In October 2022, Woolworth announced that it sees potential for more than 1,000 locations in the medium term and announced that the chain would expand to Poland in May 2023, it was also stated that the chain had experienced immense financial growth and was becoming more popular due to the cost of living crisis.

== List of international operations ==

=== Austria ===
The retailer established stores in Austria in the early 2000s, before closing in 2009. The chain returned to Austria in November 2023 with a store in Eisenstadt.

=== Czech Republic ===
The first Woolworth store in the Czech Republic opened in June 2025.

=== Poland ===
Woolworth opened its first Polish store in Kraków on 8 May 2023. Other stores quickly followed in Poznań and Warsaw.

=== Slovakia ===
The first Woolworth store in Slovakia opened in October 2025.
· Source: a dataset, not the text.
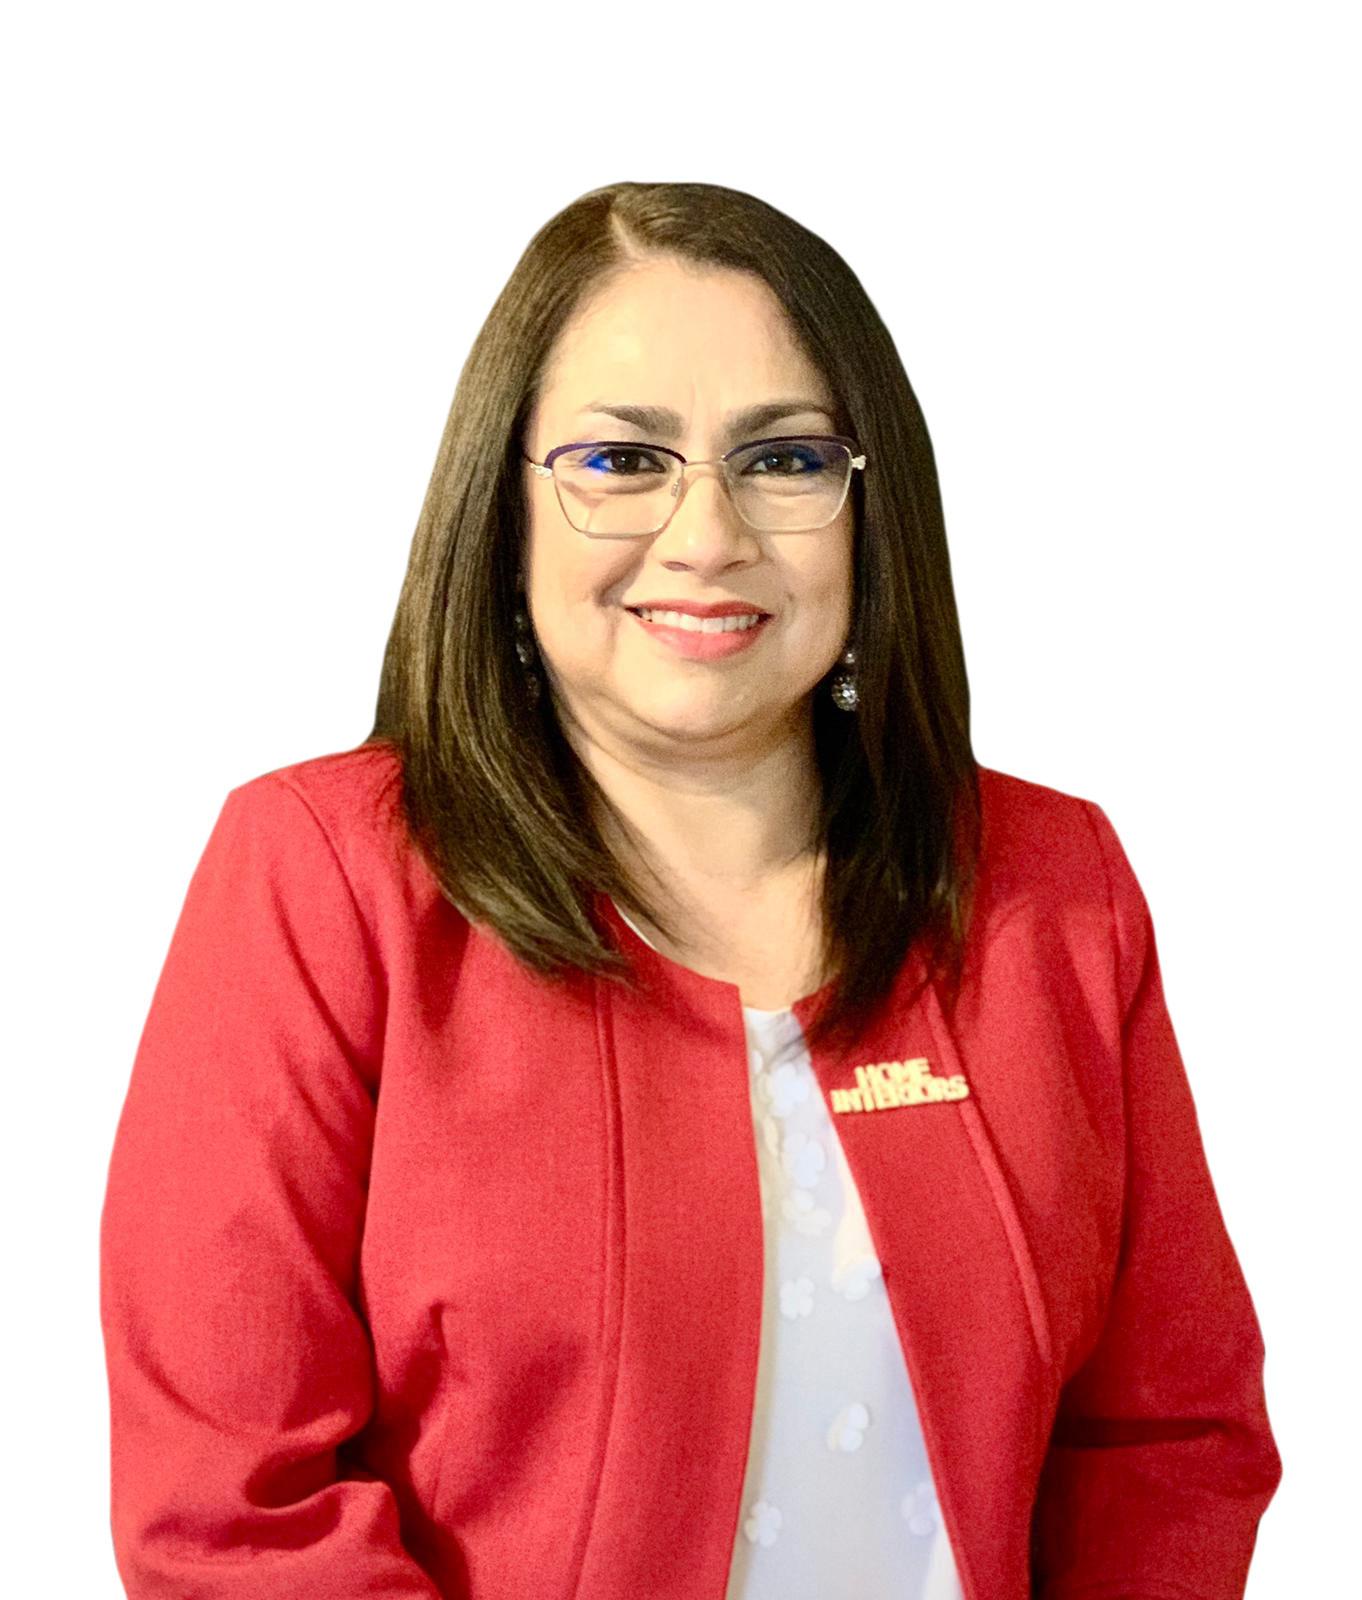 Sonia Hernandez
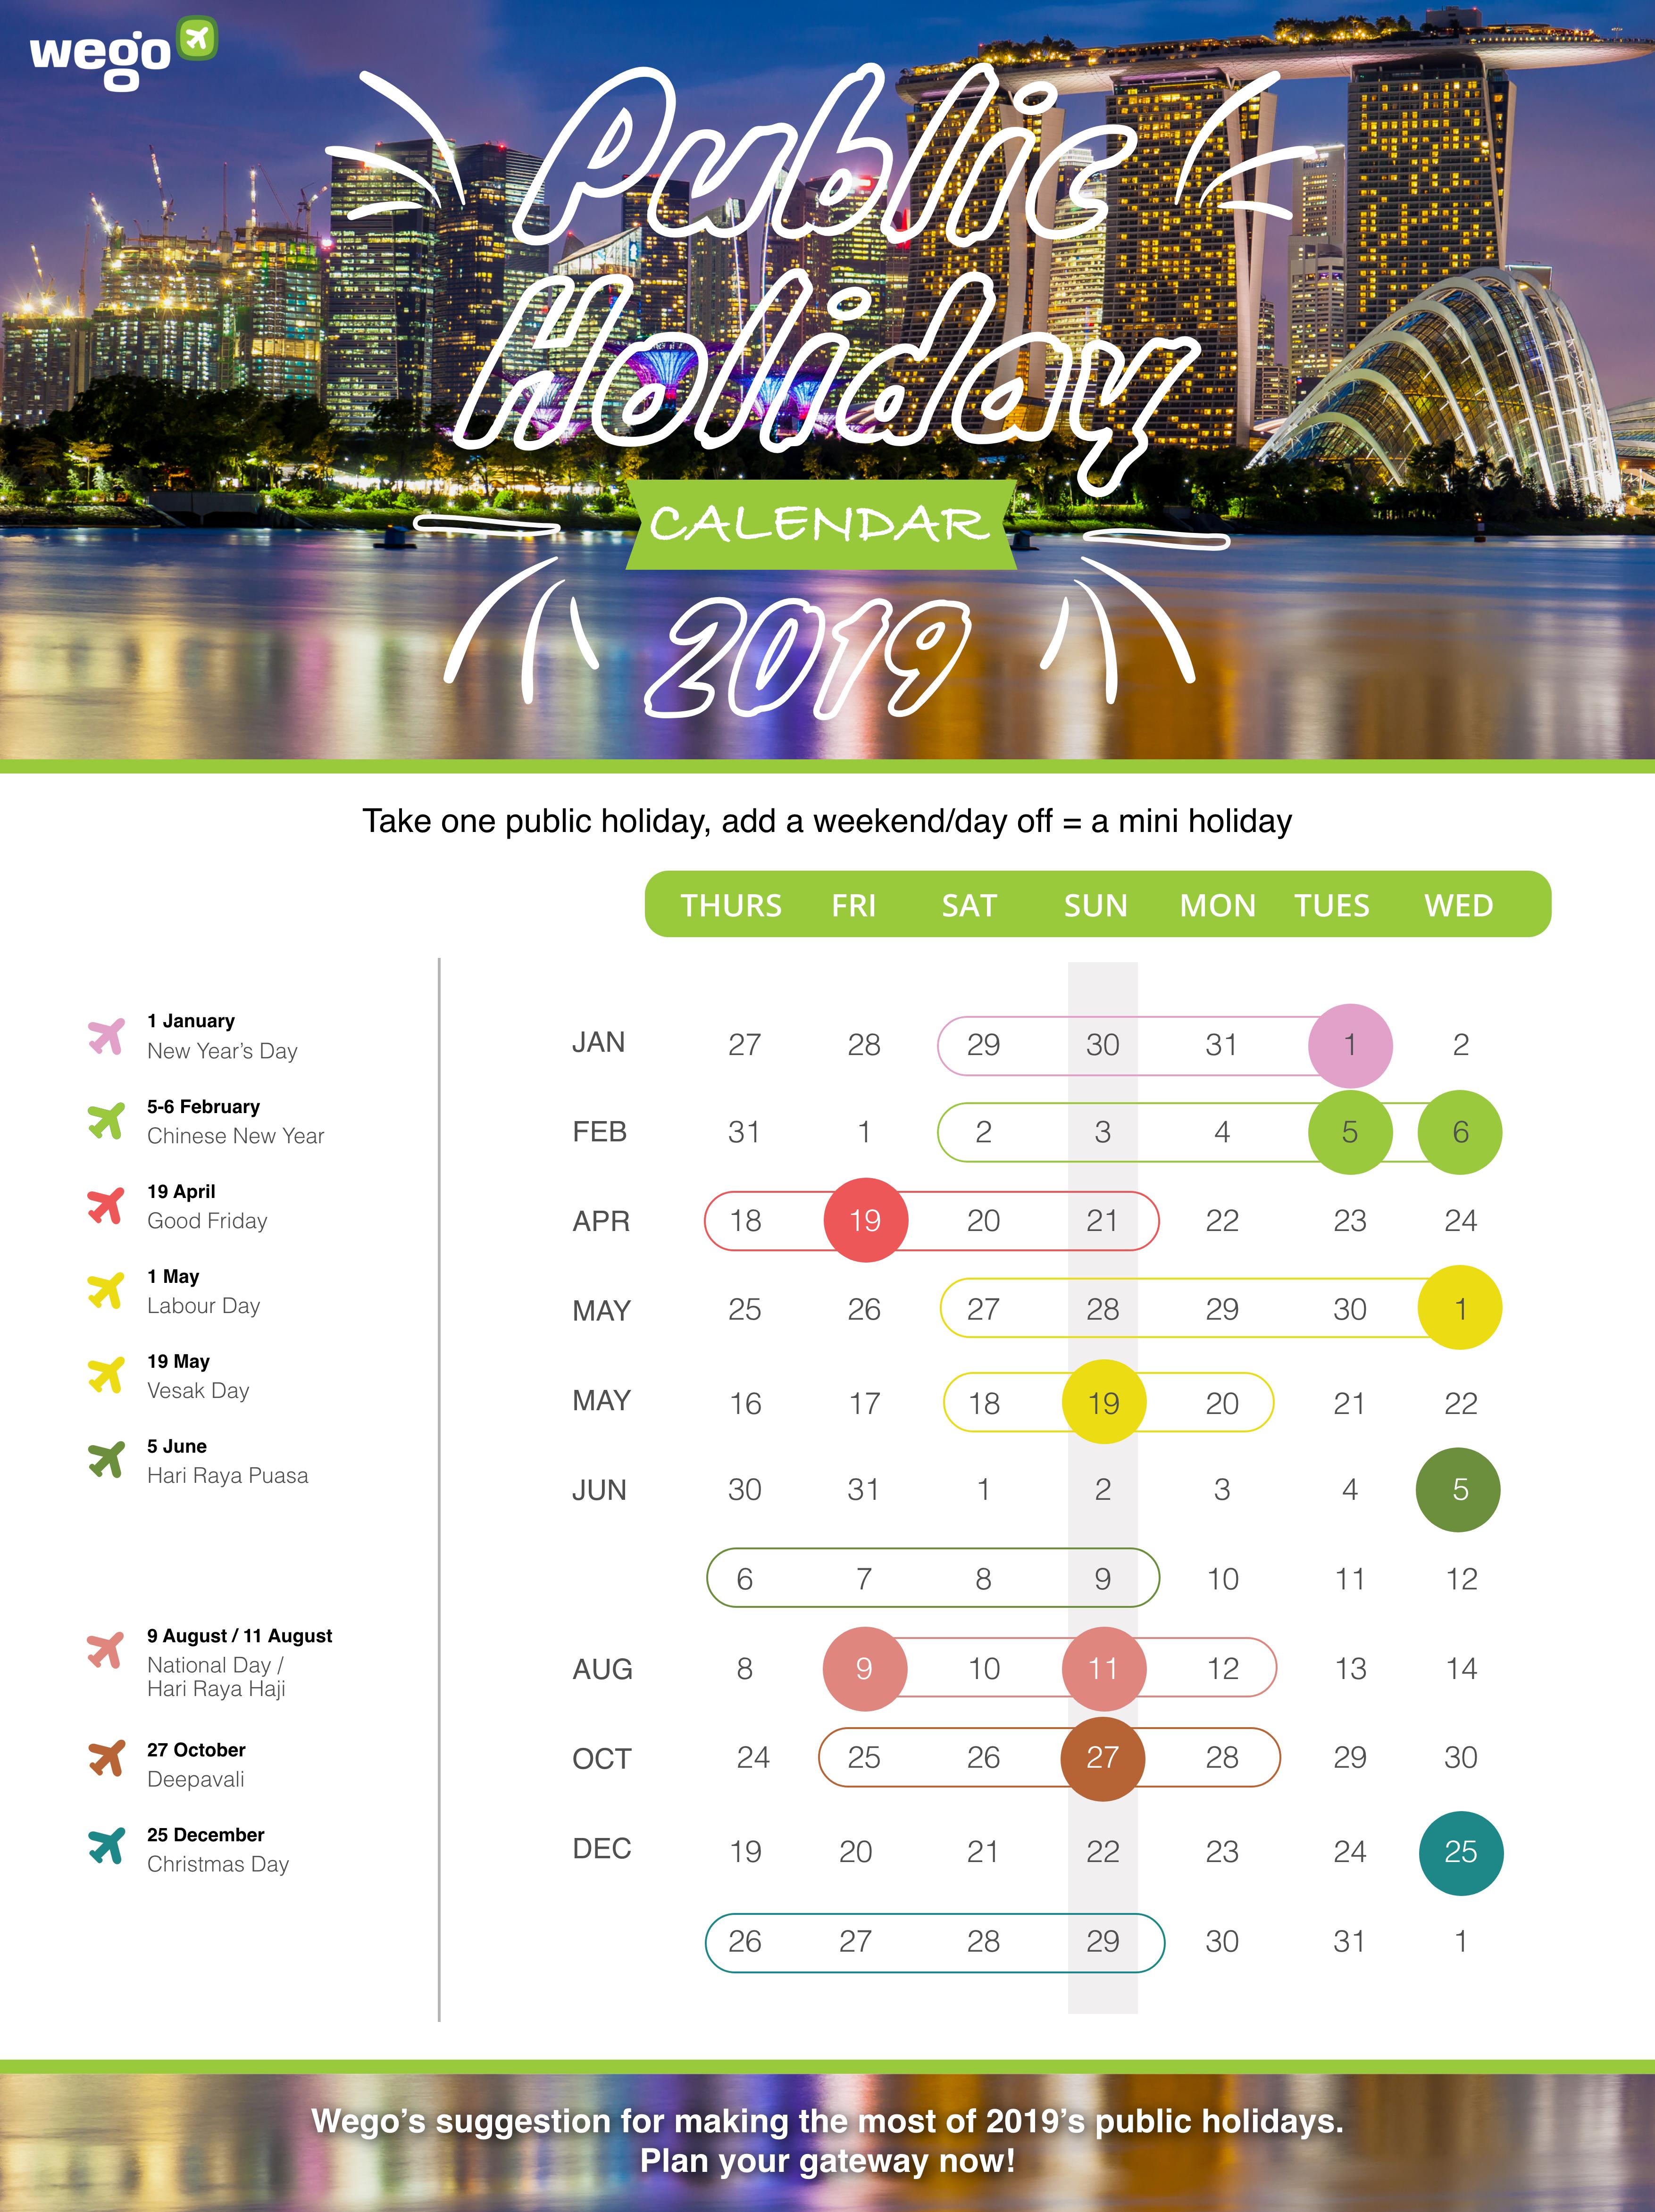 Wego\'s 2019 Calendar for Public Holidays in Singapore.

=== United Kingdom and Ireland ===
In May 2021, the retailer purchased the dormant British and Irish Woolworth/s brands from The Very Group; both had ceased trading in 2009 and 1984 respectively. The Very Group had continued Woolworths.co.uk as an online retailer from 2009, before merging it into Very.co.uk in 2015. In 2024, a spokesperson for Roman Heini said that Britain is on a bucket list for possible international expansion destinations.